*Your task*:
The line containing "Puzzle cu Flori" marks the end: write out exactly every line from the first line of the data below through that line, and only those.

[[ Extracted data, beginning ]]

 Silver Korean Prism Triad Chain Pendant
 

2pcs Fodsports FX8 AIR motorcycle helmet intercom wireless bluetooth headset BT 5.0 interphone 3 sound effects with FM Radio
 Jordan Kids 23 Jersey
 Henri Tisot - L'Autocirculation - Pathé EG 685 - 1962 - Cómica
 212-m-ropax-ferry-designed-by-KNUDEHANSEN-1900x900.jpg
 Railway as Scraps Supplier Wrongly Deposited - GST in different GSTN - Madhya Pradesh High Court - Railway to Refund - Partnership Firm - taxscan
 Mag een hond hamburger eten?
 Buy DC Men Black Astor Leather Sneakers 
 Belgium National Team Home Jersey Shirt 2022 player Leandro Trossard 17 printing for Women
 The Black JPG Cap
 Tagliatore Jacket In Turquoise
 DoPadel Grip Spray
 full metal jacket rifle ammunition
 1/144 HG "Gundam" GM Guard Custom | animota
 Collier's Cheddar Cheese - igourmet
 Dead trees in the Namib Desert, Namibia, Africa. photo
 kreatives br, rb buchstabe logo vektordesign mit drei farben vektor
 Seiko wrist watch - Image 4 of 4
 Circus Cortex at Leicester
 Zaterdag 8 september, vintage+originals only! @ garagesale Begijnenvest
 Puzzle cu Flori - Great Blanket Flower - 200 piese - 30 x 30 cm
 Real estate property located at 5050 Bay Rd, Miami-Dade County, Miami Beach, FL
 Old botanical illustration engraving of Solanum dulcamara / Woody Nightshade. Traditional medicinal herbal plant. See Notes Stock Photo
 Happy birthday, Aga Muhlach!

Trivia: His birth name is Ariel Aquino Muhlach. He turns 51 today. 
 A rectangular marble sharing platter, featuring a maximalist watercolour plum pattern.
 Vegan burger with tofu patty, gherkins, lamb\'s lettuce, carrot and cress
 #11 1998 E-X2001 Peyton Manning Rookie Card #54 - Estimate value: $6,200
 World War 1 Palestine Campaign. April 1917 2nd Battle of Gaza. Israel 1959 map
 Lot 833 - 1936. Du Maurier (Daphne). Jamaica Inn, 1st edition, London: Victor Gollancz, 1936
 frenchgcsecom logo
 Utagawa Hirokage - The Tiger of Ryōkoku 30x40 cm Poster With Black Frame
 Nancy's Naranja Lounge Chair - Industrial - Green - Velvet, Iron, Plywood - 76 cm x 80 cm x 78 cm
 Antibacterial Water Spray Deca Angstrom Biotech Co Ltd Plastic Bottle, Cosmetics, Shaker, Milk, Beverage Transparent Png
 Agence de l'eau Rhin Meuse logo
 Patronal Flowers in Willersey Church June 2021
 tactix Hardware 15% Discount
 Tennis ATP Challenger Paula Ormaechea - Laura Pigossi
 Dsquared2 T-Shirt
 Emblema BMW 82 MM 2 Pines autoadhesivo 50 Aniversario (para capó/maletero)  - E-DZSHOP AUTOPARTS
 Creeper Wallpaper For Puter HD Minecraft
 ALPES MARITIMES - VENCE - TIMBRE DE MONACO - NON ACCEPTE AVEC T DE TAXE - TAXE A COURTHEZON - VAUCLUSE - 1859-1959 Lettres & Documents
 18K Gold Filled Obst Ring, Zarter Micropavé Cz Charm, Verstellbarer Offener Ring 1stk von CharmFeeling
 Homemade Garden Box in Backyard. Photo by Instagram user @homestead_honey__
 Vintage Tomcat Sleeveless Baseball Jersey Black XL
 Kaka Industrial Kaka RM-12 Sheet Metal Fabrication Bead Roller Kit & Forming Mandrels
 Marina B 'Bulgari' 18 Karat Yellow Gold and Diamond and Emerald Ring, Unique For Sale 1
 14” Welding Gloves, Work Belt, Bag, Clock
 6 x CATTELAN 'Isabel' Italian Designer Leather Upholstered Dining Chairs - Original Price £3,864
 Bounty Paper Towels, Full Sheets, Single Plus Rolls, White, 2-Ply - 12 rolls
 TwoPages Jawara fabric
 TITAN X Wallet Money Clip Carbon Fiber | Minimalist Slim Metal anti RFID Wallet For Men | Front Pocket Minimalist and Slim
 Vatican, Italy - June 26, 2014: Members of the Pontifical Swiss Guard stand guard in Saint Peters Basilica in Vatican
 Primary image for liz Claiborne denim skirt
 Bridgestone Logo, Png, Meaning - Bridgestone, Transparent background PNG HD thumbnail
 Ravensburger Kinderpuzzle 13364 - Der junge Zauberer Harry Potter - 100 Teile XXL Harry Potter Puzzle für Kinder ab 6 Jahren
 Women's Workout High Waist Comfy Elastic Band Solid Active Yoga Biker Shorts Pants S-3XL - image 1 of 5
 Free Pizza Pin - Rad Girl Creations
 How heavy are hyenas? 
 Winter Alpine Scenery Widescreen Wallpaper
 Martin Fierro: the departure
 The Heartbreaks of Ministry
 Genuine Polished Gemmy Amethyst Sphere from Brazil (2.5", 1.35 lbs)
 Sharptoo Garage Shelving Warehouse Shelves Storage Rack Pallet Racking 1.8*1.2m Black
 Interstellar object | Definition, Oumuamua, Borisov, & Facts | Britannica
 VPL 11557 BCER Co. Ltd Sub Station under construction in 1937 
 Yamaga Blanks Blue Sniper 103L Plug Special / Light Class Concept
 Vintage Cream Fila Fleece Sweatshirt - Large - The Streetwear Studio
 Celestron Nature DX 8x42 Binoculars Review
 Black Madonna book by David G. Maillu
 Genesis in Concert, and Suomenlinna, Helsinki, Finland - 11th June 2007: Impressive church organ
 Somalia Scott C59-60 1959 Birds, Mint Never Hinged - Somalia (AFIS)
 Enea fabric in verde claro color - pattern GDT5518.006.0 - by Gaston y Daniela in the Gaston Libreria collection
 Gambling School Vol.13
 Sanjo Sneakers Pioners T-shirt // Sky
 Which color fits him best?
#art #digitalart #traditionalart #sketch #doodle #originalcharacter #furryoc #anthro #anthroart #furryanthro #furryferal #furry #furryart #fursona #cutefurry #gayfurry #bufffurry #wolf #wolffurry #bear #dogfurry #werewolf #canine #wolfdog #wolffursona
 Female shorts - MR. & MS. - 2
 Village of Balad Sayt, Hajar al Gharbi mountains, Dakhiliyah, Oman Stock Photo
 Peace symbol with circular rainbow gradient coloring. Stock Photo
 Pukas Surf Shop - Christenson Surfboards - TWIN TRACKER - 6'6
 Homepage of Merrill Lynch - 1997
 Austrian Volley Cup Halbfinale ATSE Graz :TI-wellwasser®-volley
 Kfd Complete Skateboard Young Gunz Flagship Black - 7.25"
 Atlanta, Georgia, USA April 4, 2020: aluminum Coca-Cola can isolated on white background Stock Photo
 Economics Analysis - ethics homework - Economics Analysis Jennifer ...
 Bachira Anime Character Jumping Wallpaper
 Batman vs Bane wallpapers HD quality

[[ Extracted data, end ]]

*Answer section*:
 Silver Korean Prism Triad Chain Pendant
 

2pcs Fodsports FX8 AIR motorcycle helmet intercom wireless bluetooth headset BT 5.0 interphone 3 sound effects with FM Radio
 Jordan Kids 23 Jersey
 Henri Tisot - L'Autocirculation - Pathé EG 685 - 1962 - Cómica
 212-m-ropax-ferry-designed-by-KNUDEHANSEN-1900x900.jpg
 Railway as Scraps Supplier Wrongly Deposited - GST in different GSTN - Madhya Pradesh High Court - Railway to Refund - Partnership Firm - taxscan
 Mag een hond hamburger eten?
 Buy DC Men Black Astor Leather Sneakers 
 Belgium National Team Home Jersey Shirt 2022 player Leandro Trossard 17 printing for Women
 The Black JPG Cap
 Tagliatore Jacket In Turquoise
 DoPadel Grip Spray
 full metal jacket rifle ammunition
 1/144 HG "Gundam" GM Guard Custom | animota
 Collier's Cheddar Cheese - igourmet
 Dead trees in the Namib Desert, Namibia, Africa. photo
 kreatives br, rb buchstabe logo vektordesign mit drei farben vektor
 Seiko wrist watch - Image 4 of 4
 Circus Cortex at Leicester
 Zaterdag 8 september, vintage+originals only! @ garagesale Begijnenvest
 Puzzle cu Flori - Great Blanket Flower - 200 piese - 30 x 30 cm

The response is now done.